Le vrai enjeu : Niquer L'Oréal et verrouiller la beauté
Au-delà du drame shakespearien, l'opération Armani cache un coup stratégique vicieux. L'Oréal, empire cosmétique des Bettencourt Meyers (valorisé à 200 milliards), n'a d'yeux que pour la branche beauté d'Armani – un joyau rentable générant 500 millions d'euros annuels via parfums (Acqua di Giò) et maquillage. Le géant français, déjà partenaire sur des licences passées, vise un rachat ciblé pour contrer Sephora (filiale LVMH) dans la distribution sélective.

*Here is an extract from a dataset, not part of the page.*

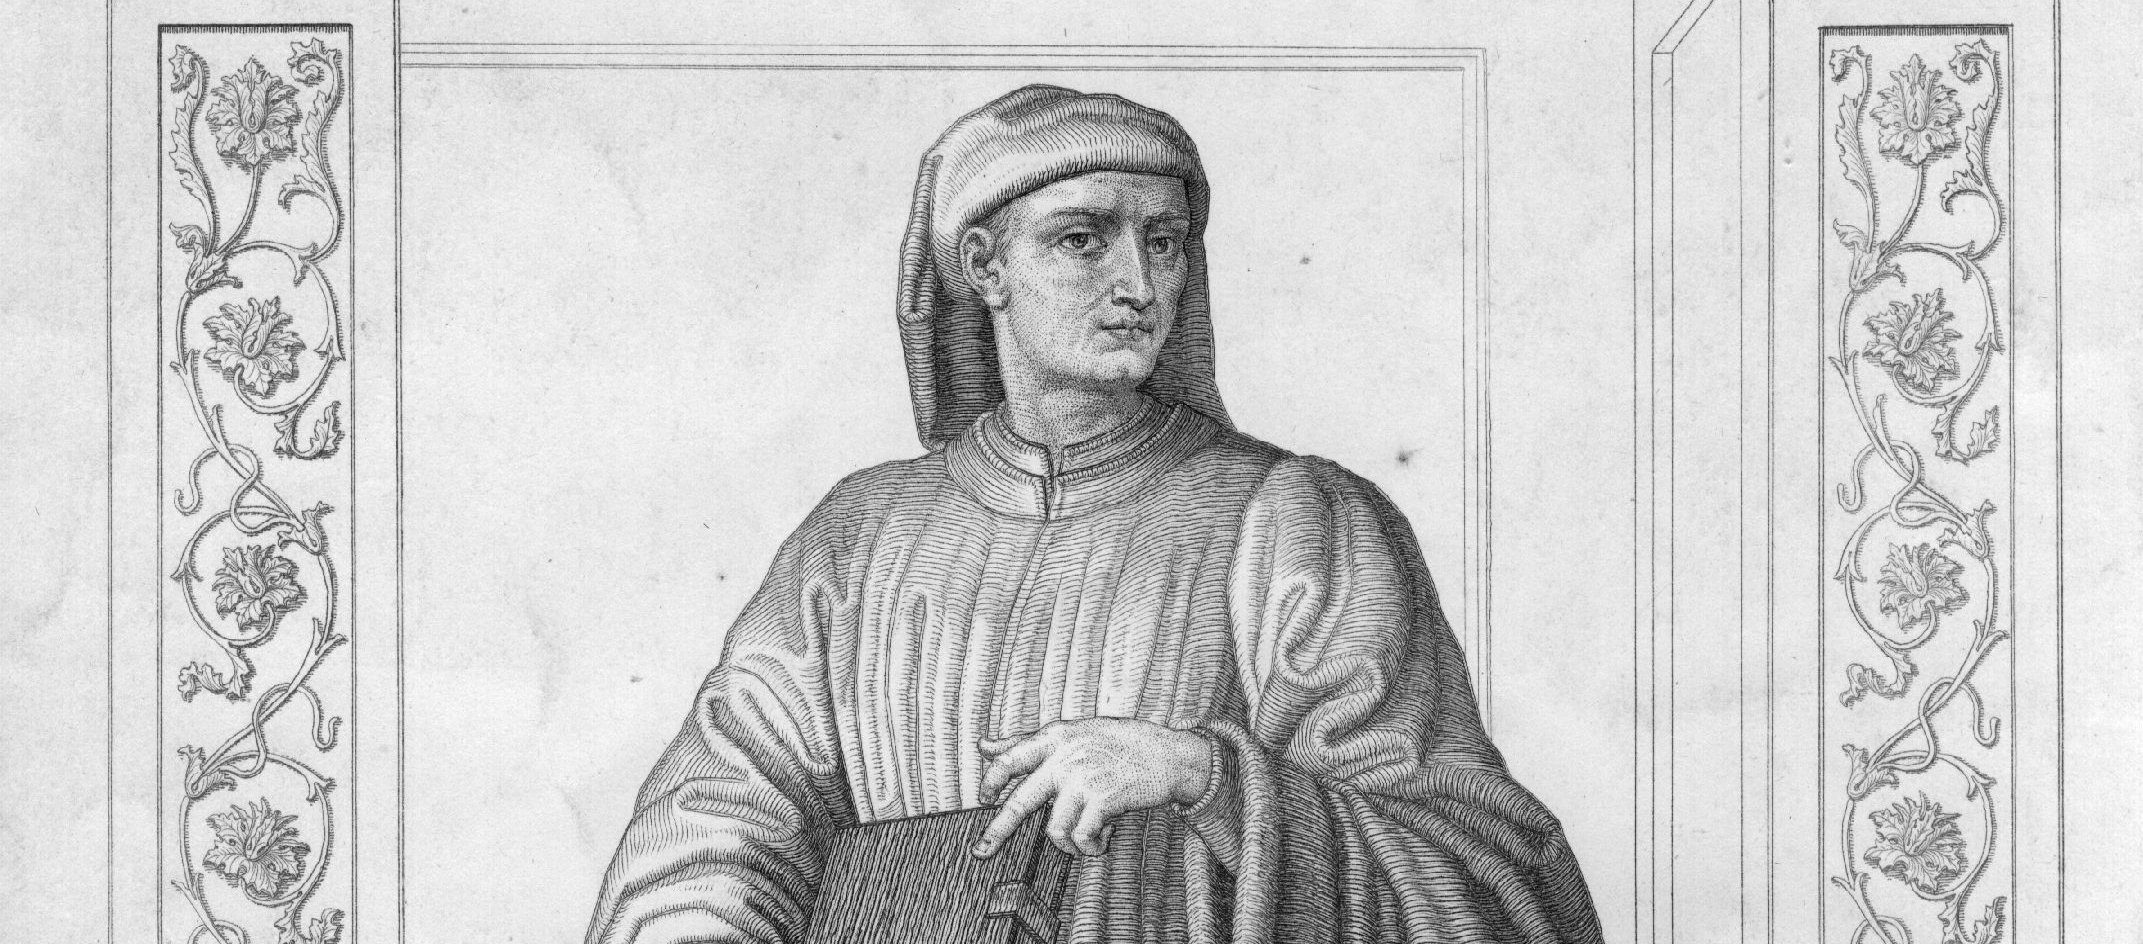 Giovanni Boccaccio (1313-1376), the Italian author of the Decameron.

Mais voilà : en s'emparant de l'ensemble, LVMH "nique" L'Oréal, comme le disent crûment les milieux parisiens. Delphine l'a bien compris. Récemment, un deal surprise entre Kering et L'Oréal (cession de licences beauté pour 1,2 milliard) a affaibli la position des héritiers Armani, les laissant face à un duo LVMH-L'Oréal où le premier domine. Bernard Arnault, briefé par sa fille, a mandaté des négociations agressives chez Rothschild : offre ferme sur 30 % d'ici Noël, avec clause anti-concurrence pour bloquer tout carve-out beauté. "C'est une vengeance cosmétique", résume un banquier impliqué. L'Oréal, contacté, botte en touche : "Nous étudions toutes les opportunités alignées sur notre stratégie."
Vers un empire consolidé... ou une guerre des roses ?
À 18 mois du premier jalon de vente, le chrono tourne. EssilorLuxottica, focalisé sur l'optique (Armani a une ligne lunettes juteuse), pourrait se contenter d'un partenariat minoritaire. Mais LVMH, avec son trésor de guerre de 10 milliards de cash, est en position de force. Si les fils Arnault cèdent, Armani rejoindra le portefeuille, boostant la part italienne à 20 % des revenus LVMH.
Pourtant, les tensions familiales rappellent les ombres sur la succession : Bernard, sans dauphin clair, joue son va-tout. Delphine, locomotive des acquisitions, rêve d'un LVMH "total luxury". Les garçons, gardiens du cash, craignent un Tiffany bis – une bombe à retardement. Et Rothschild ? Il encaisse les honoraires, en spectateur neutre d'un soap opera où l'argent coule à flots, mais les liens de sang saignent.